### INSTRUCTIONS FOR THE TASK
Return all the lines below exactly. Any picture among them is omitted.

DATASET CONTENT START

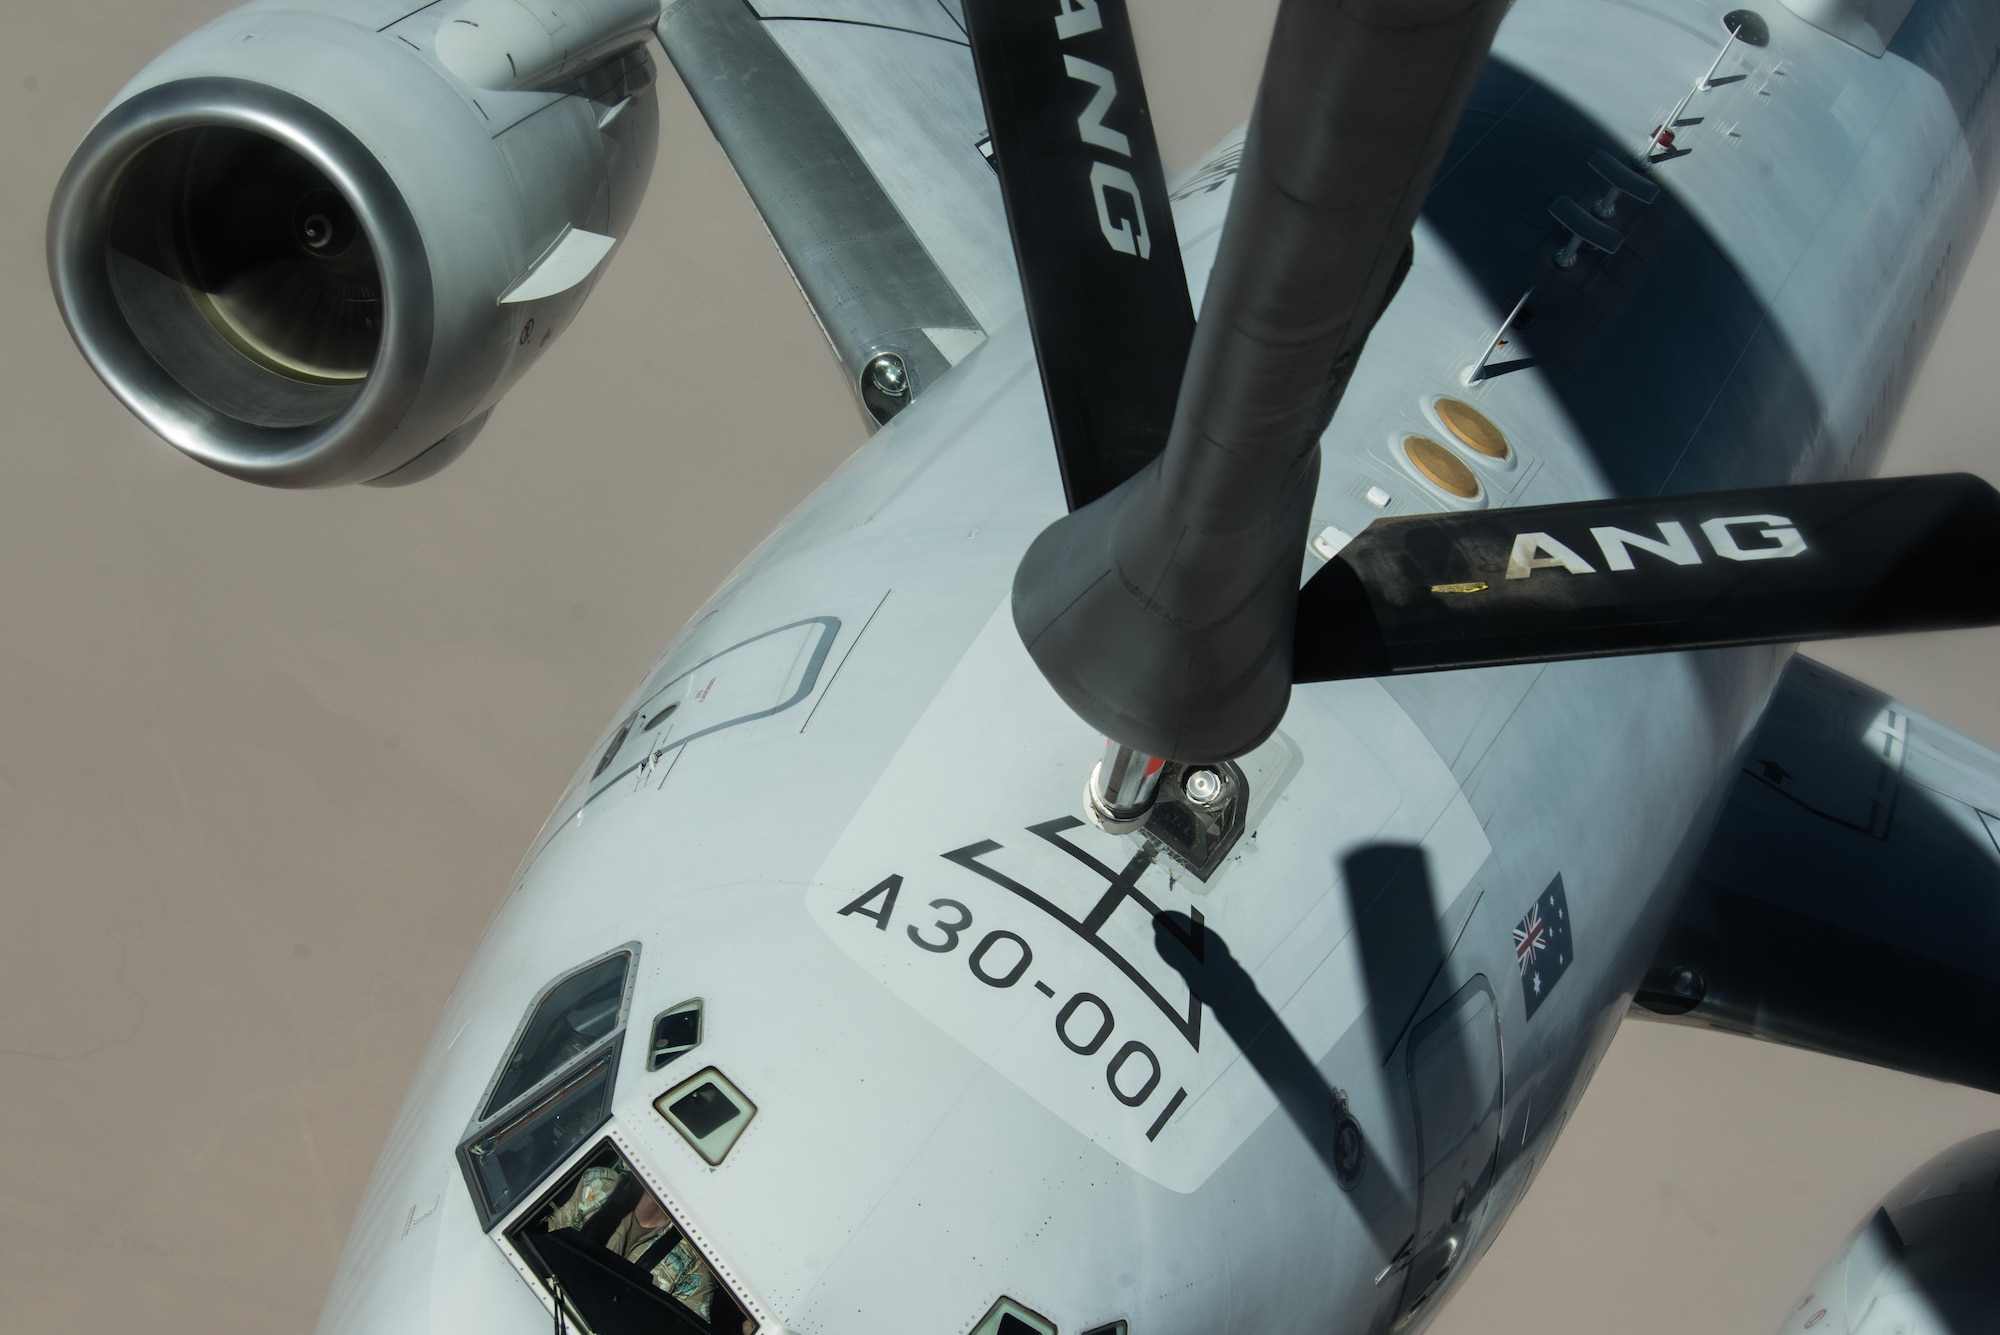 A Royal Australian Air Force E-7A Wedgetail receives fuels from an Air National Guard KC-135 Stratotanker that is deployed to the 340th Expeditionary Air Refueling Squadron at Al Udeid Air Base, Qatar over Iraq September 16, 2015. (U.S. Air Force photo/Staff Sgt. Alexandre Montes)  
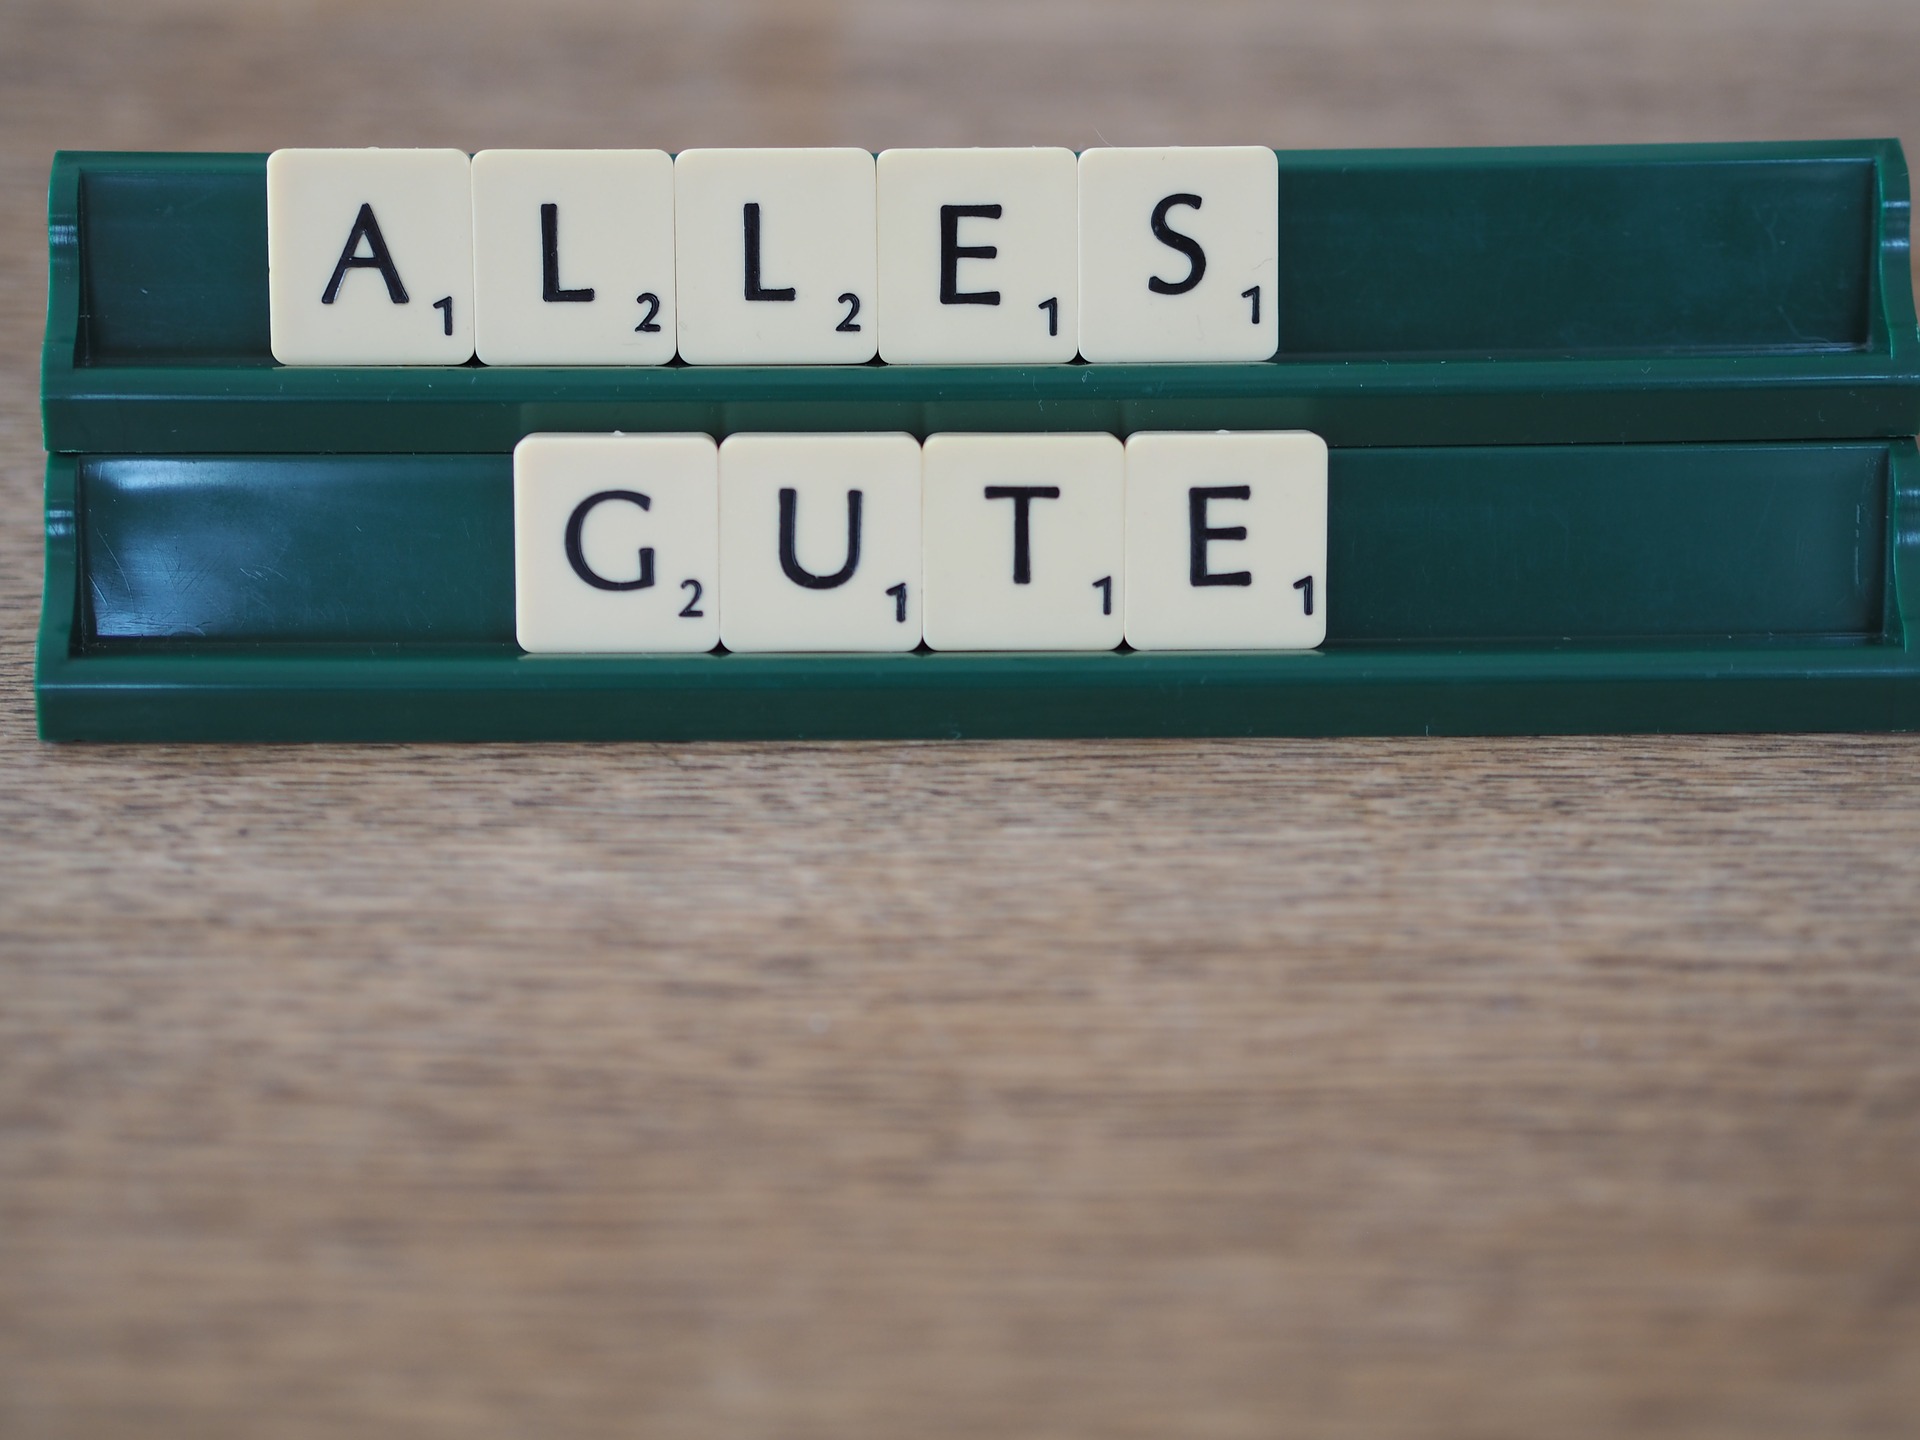 Alles Gute spelled with scrabble letters
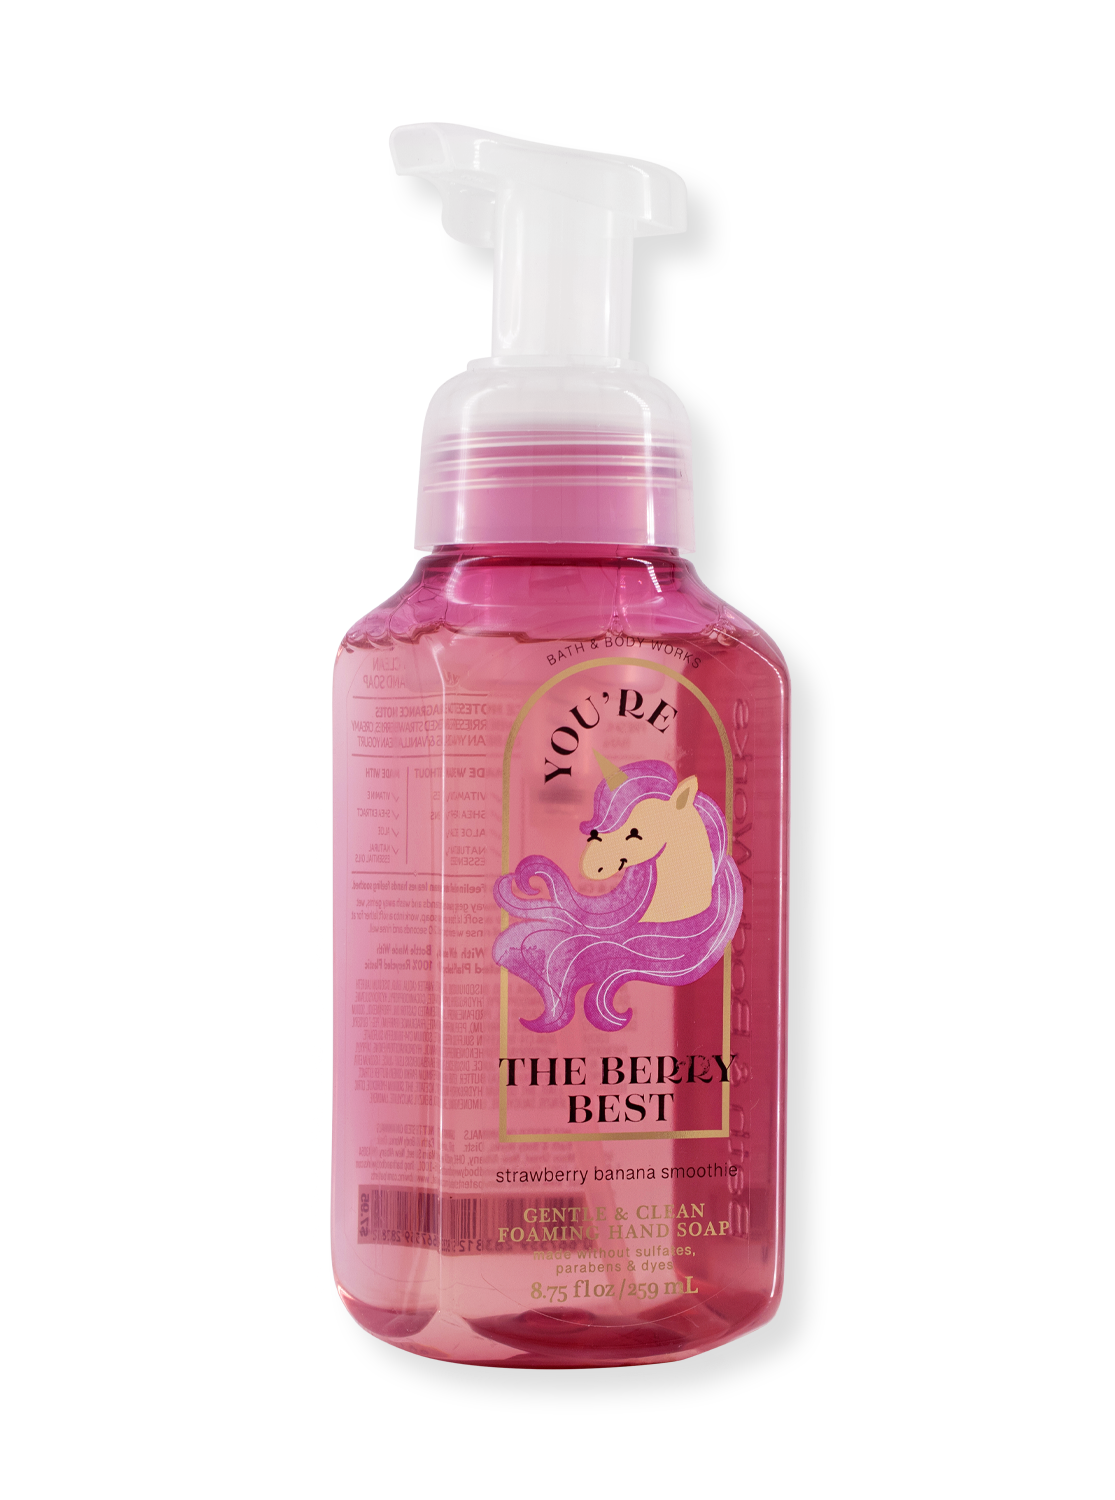 Foam soap - You´re the Berry Best - Strawberry Banana Smoothie - 259ml
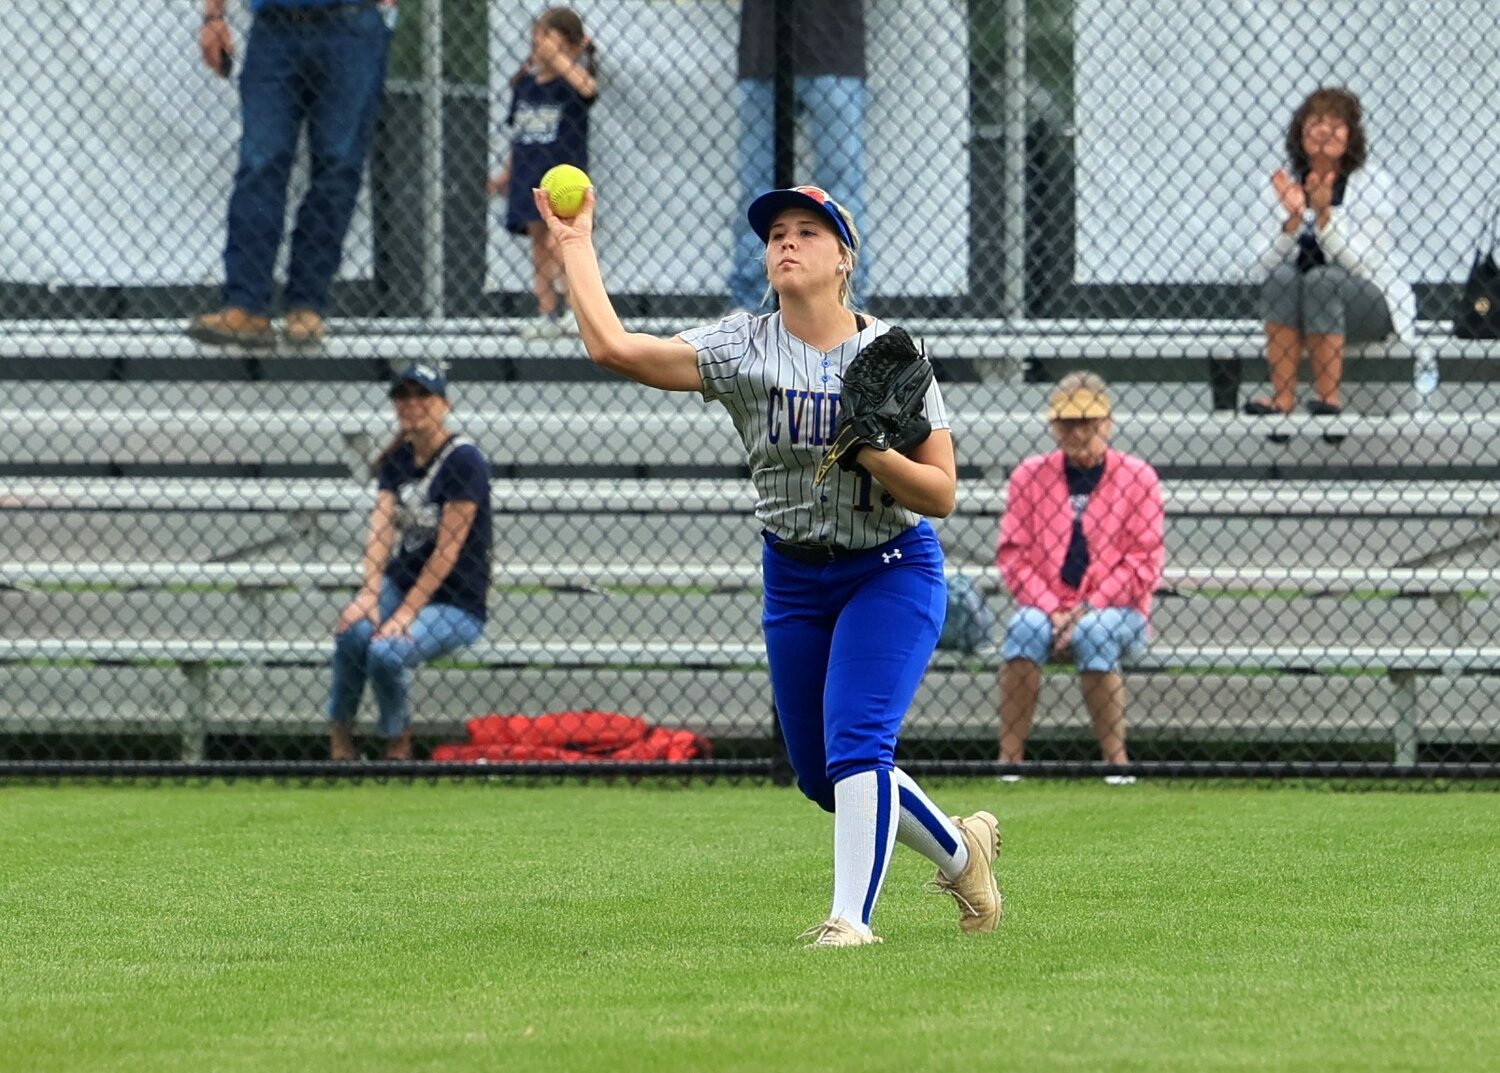 Cville saw their 2024 season come to an end with a 10-0 loss to Tri-West in the sectional semi-finals. The Athenians graduate one senior in Addie Hodges.

DATASET CONTENT END

### WRITTEN RESPONSE
 A Royal Australian Air Force E-7A Wedgetail receives fuels from an Air National Guard KC-135 Stratotanker that is deployed to the 340th Expeditionary Air Refueling Squadron at Al Udeid Air Base, Qatar over Iraq September 16, 2015. (U.S. Air Force photo/Staff Sgt. Alexandre Montes)  
 Alles Gute spelled with scrabble letters
 Foam soap - You´re the Berry Best - Strawberry Banana Smoothie - 259ml
 Cville saw their 2024 season come to an end with a 10-0 loss to Tri-West in the sectional semi-finals. The Athenians graduate one senior in Addie Hodges.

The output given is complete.